Posted: Wed Aug 15, 2007 11:30 am
by superdezign
Jenk wrote:meh.. a perfect example of why I stopped reading tdwtf years ago.

Also brings to light the fact that the submittee MUST have been looking for "Multithreaded PHP" on Google to find it..
And then ignored every single comment after that. :P

Posted: Wed Aug 15, 2007 11:34 am
by ReverendDexter
The answer on that thread makes me think that I fail to understand multi-threading. Wouldn't that just "unroll" to a single program that calls a "send mail" function 1000 times?

Posted: Wed Aug 15, 2007 11:36 am
by feyd
ReverendDexter wrote:The answer on that thread makes me think that I fail to understand multi-threading. Wouldn't that just "unroll" to a single program that calls a "send mail" function 1000 times?
Bingo.

Posted: Wed Aug 15, 2007 3:19 pm
by onion2k
One of the biggest problems with PHP is that it's a language that attracts inexperienced developers due to it's ease of use - you can get pretty much anything done quickly if you're willing to put up with a crazy and illogical solution. The thread mentioned is a great example - someone has worked out a way to fire a script seemingly concurrently and they've figured it's something that's worth exploring, consequently awful solutions spring up occasionally and they give PHP a bad name.

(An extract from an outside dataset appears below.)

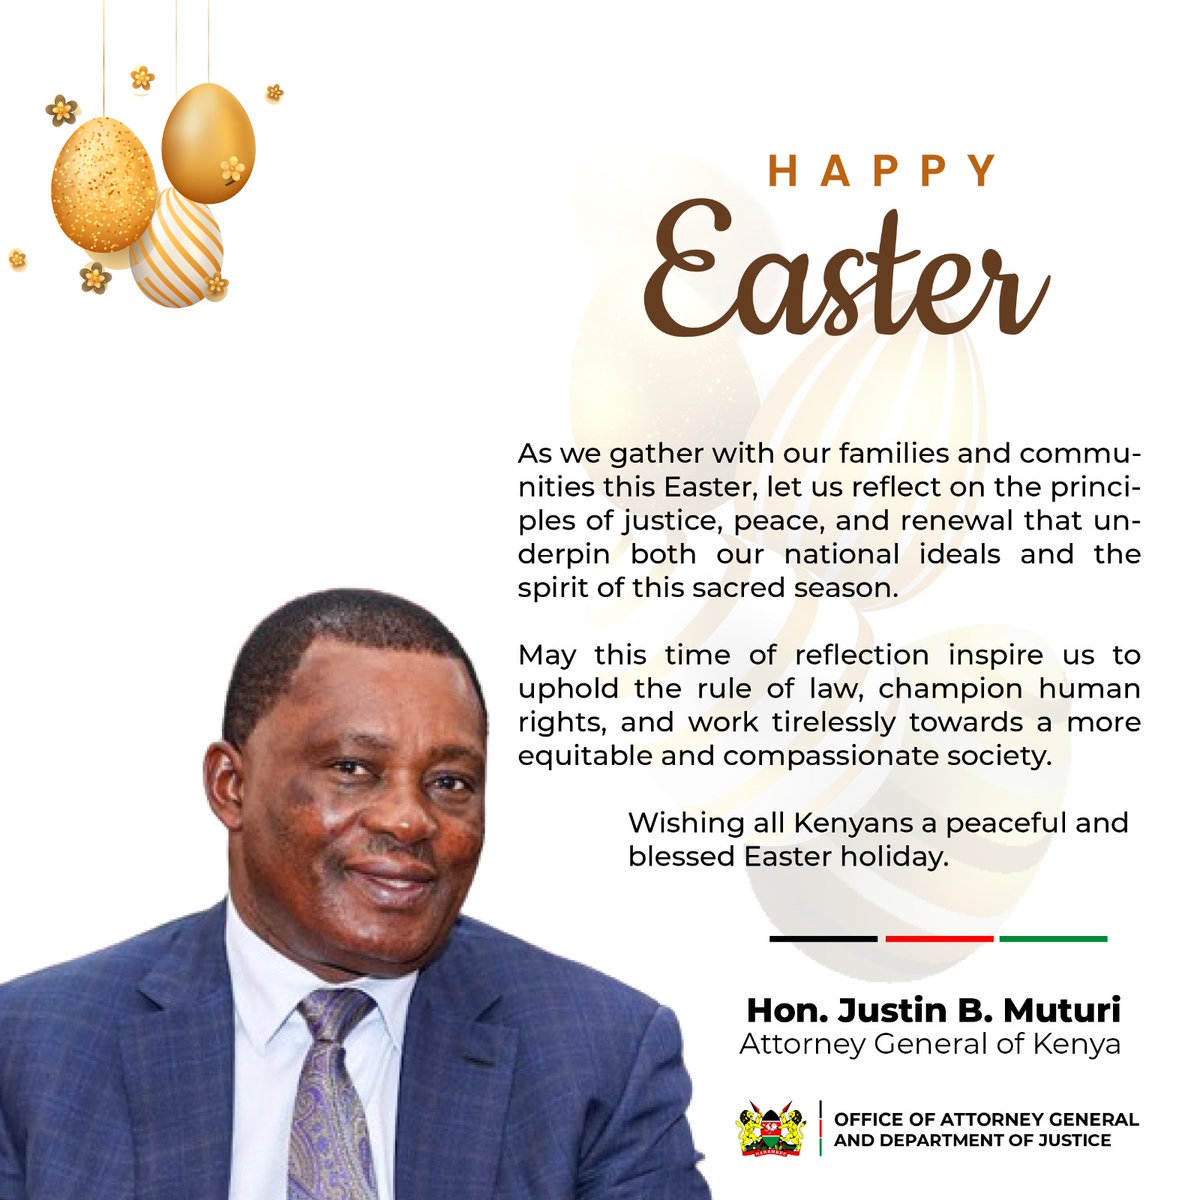 Wishing you and your family a joyful Easter celebration! 🎉 Happy Easter.

Still, so long as people learn from their (and other's) mistakes I guess there's a silver lining.

Posted: Wed Aug 15, 2007 3:53 pm
by superdezign
onion2k wrote:Still, so long as people learn from their (and other's) mistakes I guess there's a silver lining.
Sadly, sometimes they learn other people mistakes (notice I didn't say *from* other people's mistakes :P).